The invention also is characterized by:
(A) providing an axially elongated, tubular, hollow fuel cell comprising an outer fuel electrode, an inner air electrode and solid electrolyte therebetween, and where the electrolyte defines an elongated exposed radial segment, said segment containing a gas impermeable electrically conductive interconnect material in electrical communication with a segment of said inner air electrode; and then
(B) contacting the inside of the air electrode with a cathode material without use of any liquid medium inside the fuel cell; and then
(C) passing electrical current through an applicator which contains liquid electrolyte solution containing a metal desired to be deposited on the interconnect material; and then
(D) passing electric current from the applicator to the cathode contacting the inside of the air electrode; and then
(E) contacting a first point of the exposed interconnect with the electrolyte containing applicator and transferring the contact point to deposit electrolyte solution along the elongated axial length of the interconnect to a second point, so that the passage of electric current will cause metal from the electrolyte solution to coat the surface of the elongated axial length of the interconnect.
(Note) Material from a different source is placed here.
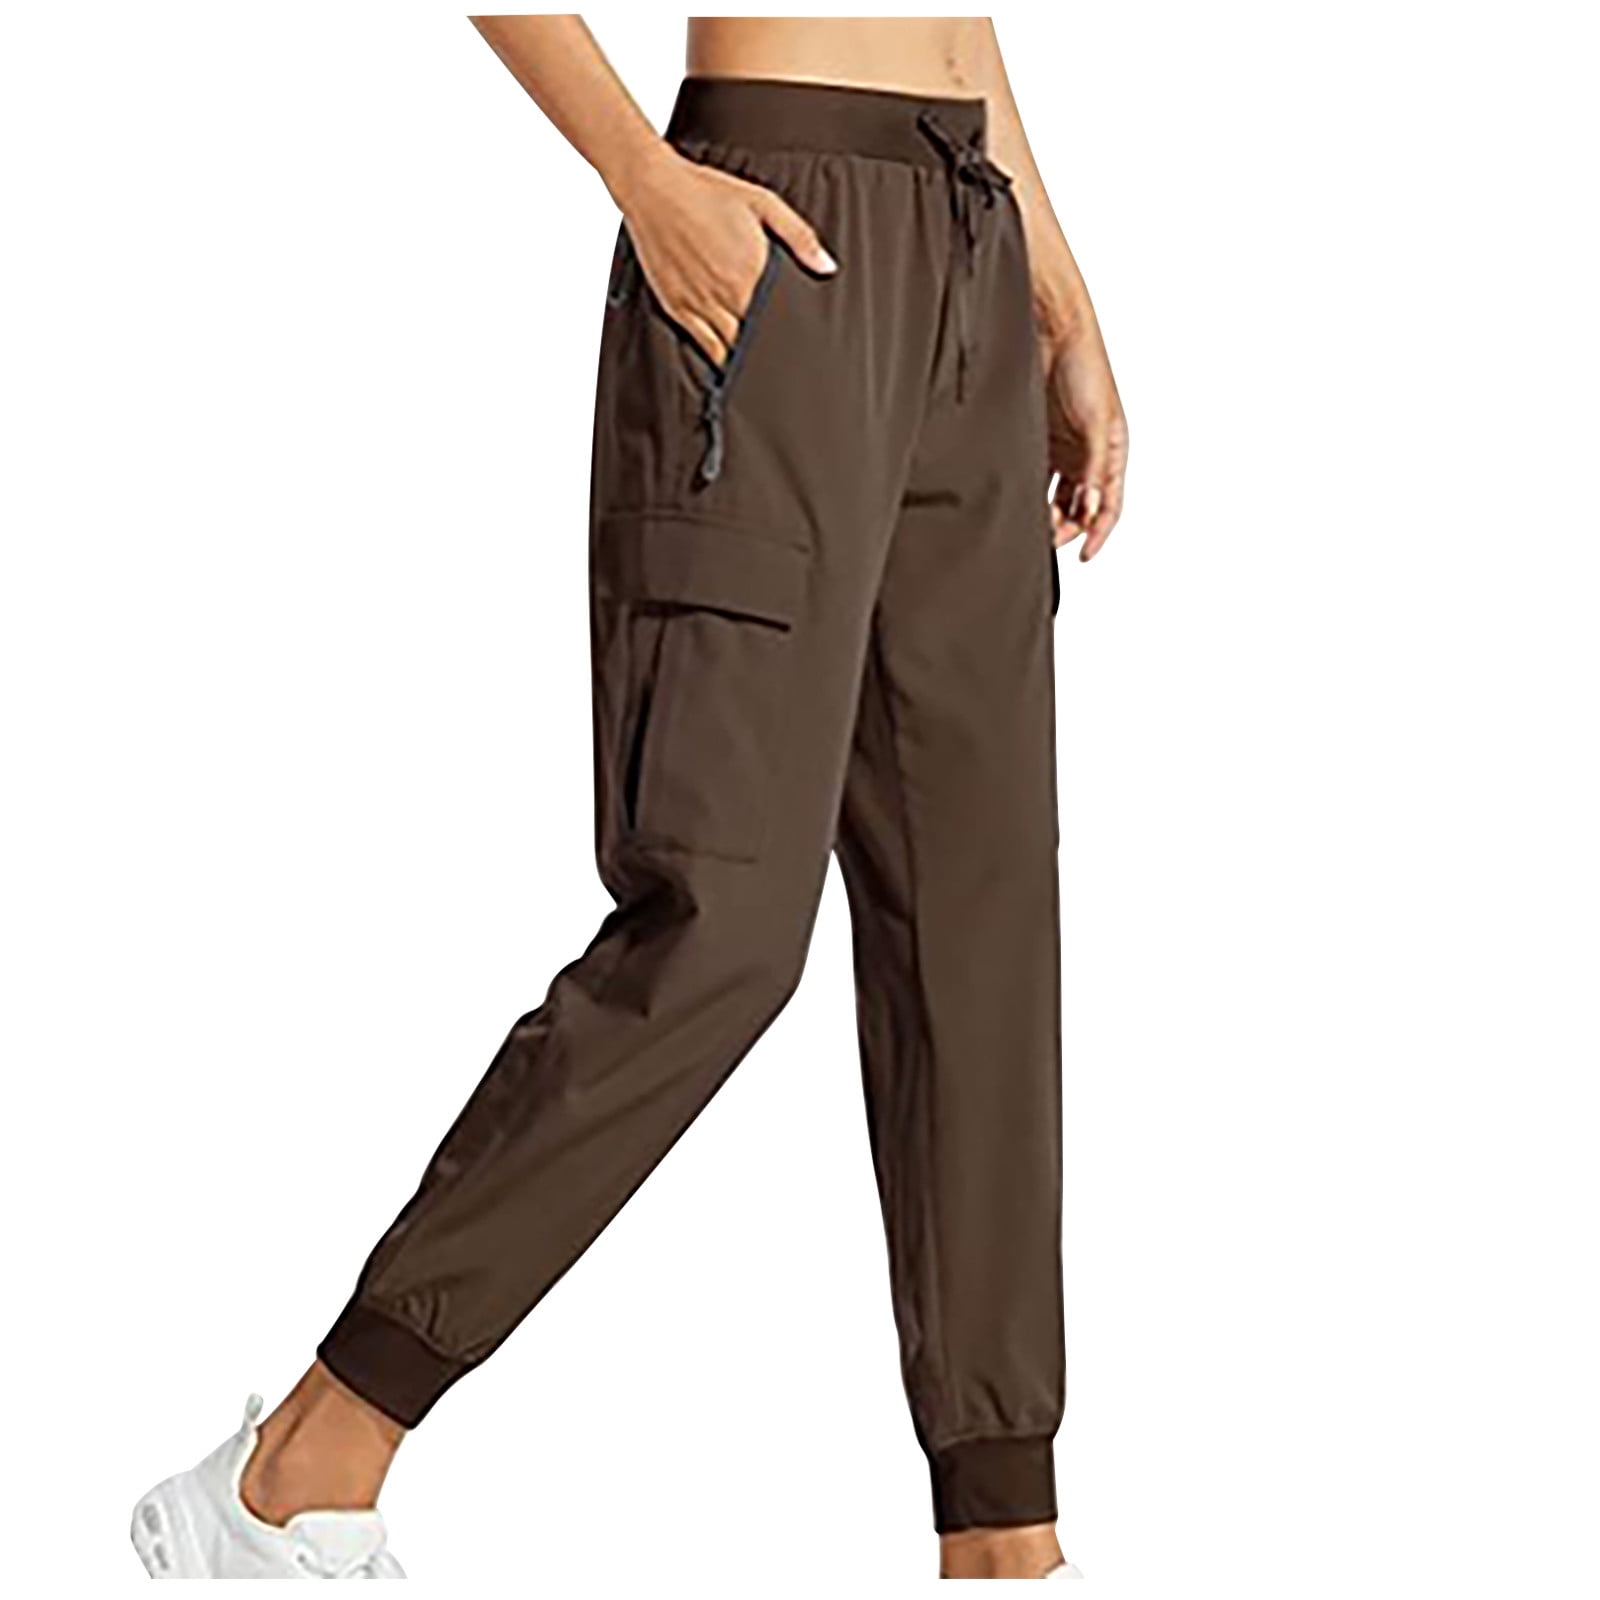 Ecqkame Women's Joggers Pants Clearance Women's Work Wear Jogging Pants,  Nylon Quick Drying Hiking Pants, Sports, Fitness, Leisure, Outdoor Small  Foot Pants Brown XXXL 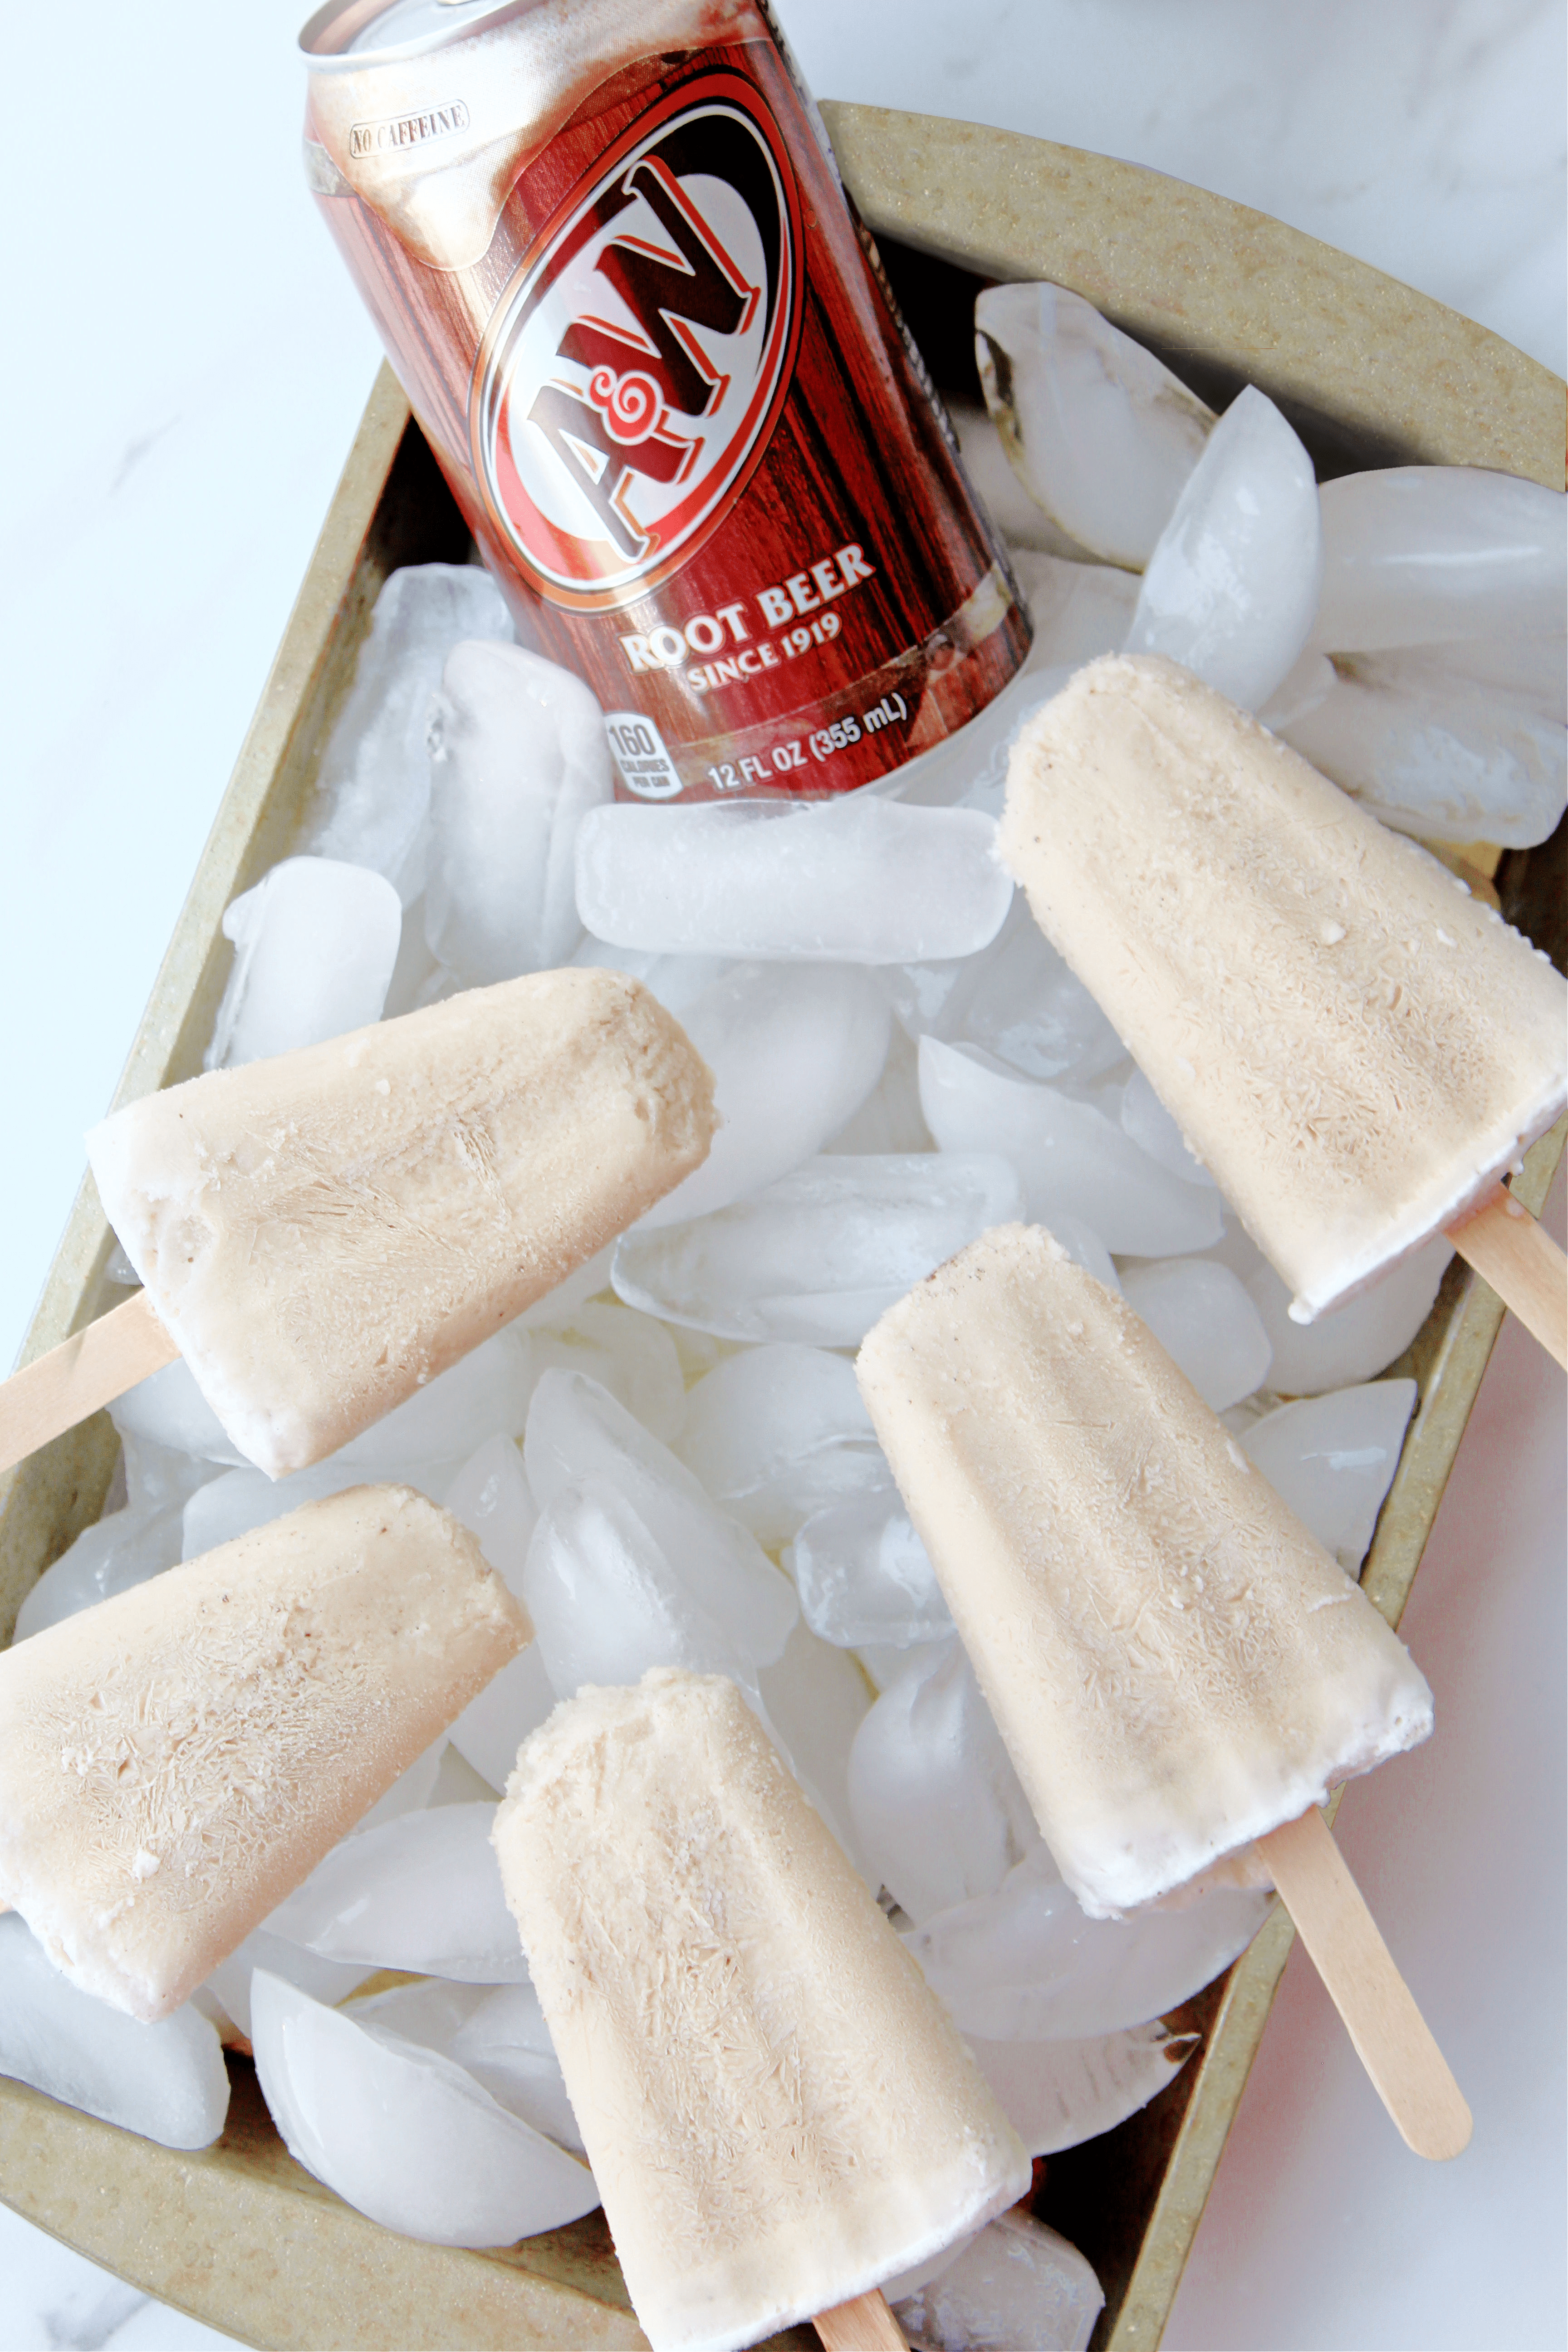 root beer popsicles on baking sheet lined with ice

A plurality of fuel cell interconnects can be processed in this fashion where the applicator, preferably a rotating brush or roller, can be disposed above or below the fuel cells and movement or translation of the brushes or of the fuel cells down the axially elongated length of interconnection can be automatically programmed. This process eliminates use of liquid fluid such as a metal salt inside the fuel cell and dipping the entire exterior of the fuel cell into a container of electrolyte, thus eliminating most clean up problems and manually intensive techniques.